Below we further document these objects (except for log and config, which should be self explanatory).

taxonomy_tree

This is a dict that is a serialization of the taxonomy tree to which the data was mapped. It can be interpreted as is or used to instantiate a TaxonomyTree object with. The particulars of this representation of a taxonomy tree are documented here.

marker_genes

result_dict['marker_genes'] is a dict indicating the marker genes used to discriminate between the children of each parent in the taxonomy tree. The keys of this dict are the parents in the form taxonomic_level/taxonomic_node e.g.

'CCN20230504_CLAS/CCN20230504_CLAS_15'
'CCN20230504_SUBC/CCN20230504_SUBC_259'
'CCN20230504_SUBC/CCN20230504_SUBC_269'

they key 'None' indicates the root of the taxonomy tree. The values in the dict are lists of genes (identified with the gene identifiers used in the reference dataset, probably EnsemblID) used as markers when choosing between the children of that parent node.

results

result_dict['results'] points to a list of dicts. Each dict represents a cell in the data that was mapped and encodes the result of the mapping. For each level in the taxonomy tree there is recorded

  • 'assignment': the taxonomic node chosen for this cell
  • 'bootstrapping_probability': the fraction of bootstrap iterations that selected the assigned taxonomic node
  • 'aggregate_probability': this is the product of boostrapping_probability for all levels of the taxonomy starting at the grossest level and ending at the current level, i.e. if your taxonomy has levels ['class', 'subclass', 'cluster'], then the aggregate_probability at the subclass level is the product of the class level bootstrapping_probability with the subclass level bootstrapping_probability; the aggregate_probability at the cluster level is the product of the bootstrapping_probability at all three levels.
  • 'avg_correlation': the average Pearson's correlation coefficient between the gene profile of the cell and the average gene profile of the chosen taxonomic node in the marker genes appropriate for that node. The average is taken over only those bootstrap iterations that selected the assigned node.
  • 'directly_assigned': this is a boolean. If True, then the cell type was assigned directly by the cell type mapper. If False, the cell type was inferred from a directly assigned child. This may occur if, for instance, you run the cell type mapper with flatten = True, in which case each cell is mapped directly to the leaf node of the taxonomy tree. In this case, higher level nodes of the tree are still assigned, but they are inferred based on the inheritance of the assigned leaf node (e.g. "I know the cell has been assigned directly to subtypeA; it was not directly assigned to a supertype; however, since subtypeA is a child of supertypeB in my taxonomy, I can infer that the cell must also be a member of supertypeB"). In this case, the bootstrapping_probability, aggregate_probability, and avg_correlation values are propagated up the tree from the directly assigned child node for convenience.

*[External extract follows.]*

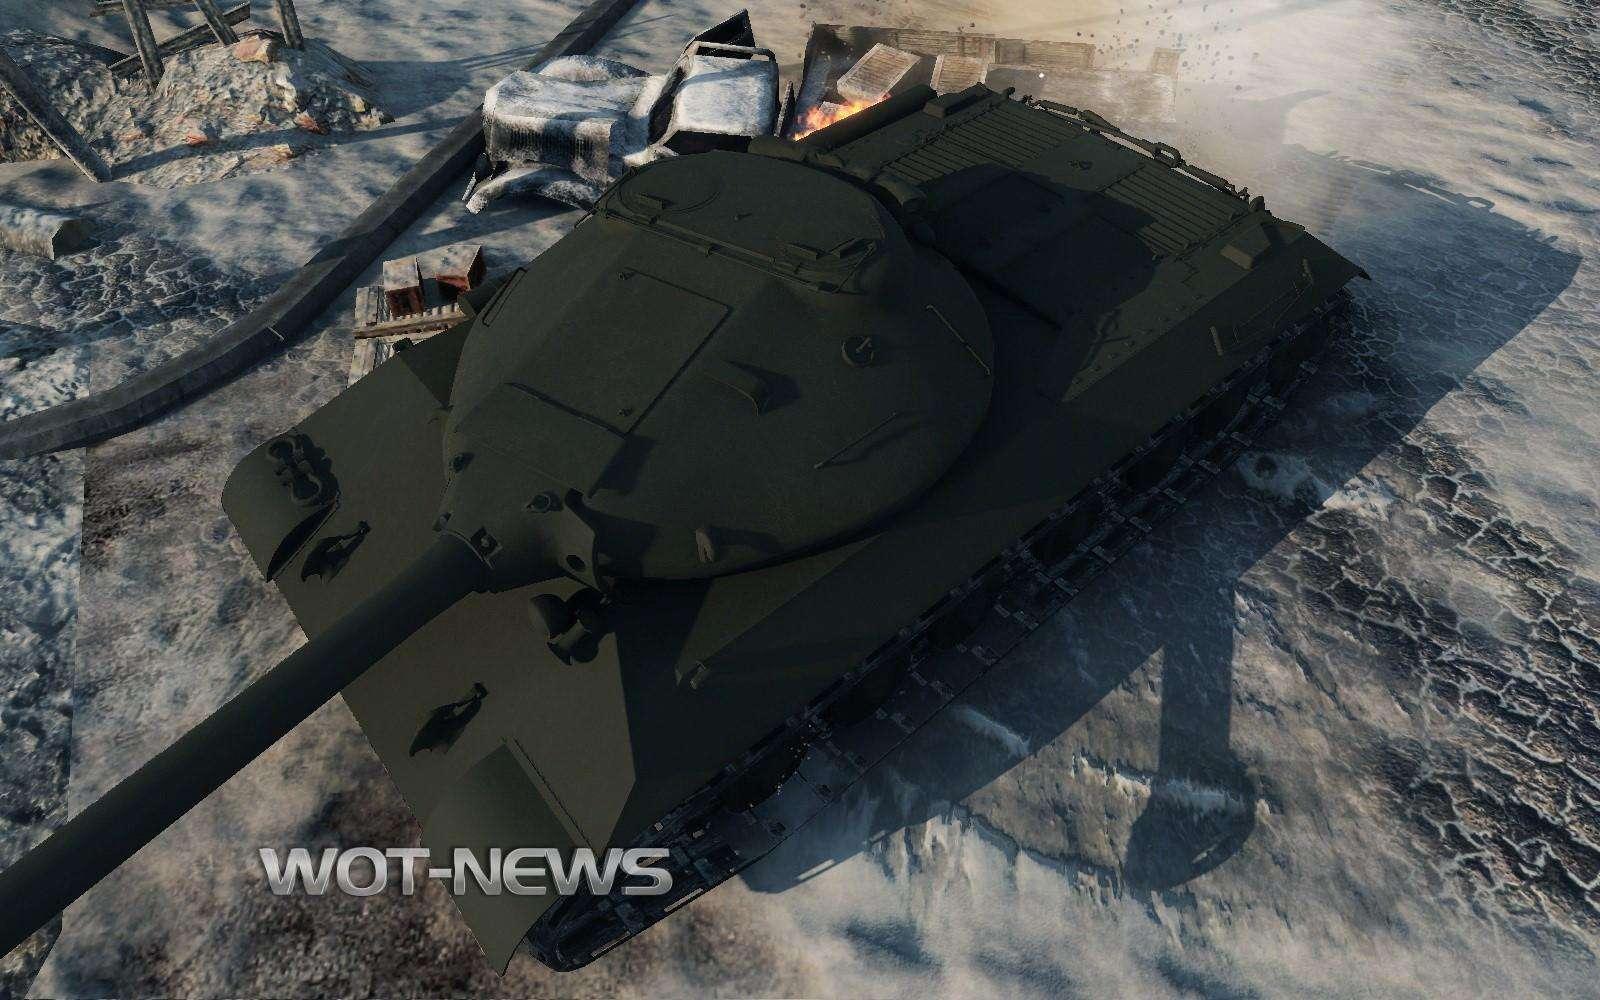 Kirovets-1 (IS-3 prototype) (Premium tier 8) - Upcoming

The cell is identified by the cell_id key in the dict, e.g.

{
  "CCN20230504_CLAS": {
    "assignment": "CCN20230504_CLAS_25",
    "bootstrapping_probability": 0.74,
    "aggregate_probability": 0.74,
    "avg_correlation": 0.5735289275007436,
    "directly_assigned": True
  },
  "CCN20230504_SUBC": {
    "assignment": "CCN20230504_SUBC_269",
    "bootstrapping_probability": 0.59,
    "aggregate_probability": 0.44,
    "avg_correlation": 0.6041588697199276,
    "directly_assigned": True
  },
  "CCN20230504_CLUS": {
    "assignment": "CCN20230504_CLUS_4975",
    "bootstrapping_probability": 0.56,
    "aggregate_probability": 0.24,
    "avg_correlation": 0.6123913092110298,
    "directly_assigned": True
  },
  "cell_id": "1015221640100510476"
}

At each level, there will also be optional fields runner_up_assignment, runner_up_correlation, and runner_up_probability. These will map to lists of the N (if requested) next most likely assignments as ranked according to bootstrapping_probability. If there were no runners up, these will be empty lists.

Note: the runner up fields will be absent for any levels in the taxonomy tree that were not directly assigned.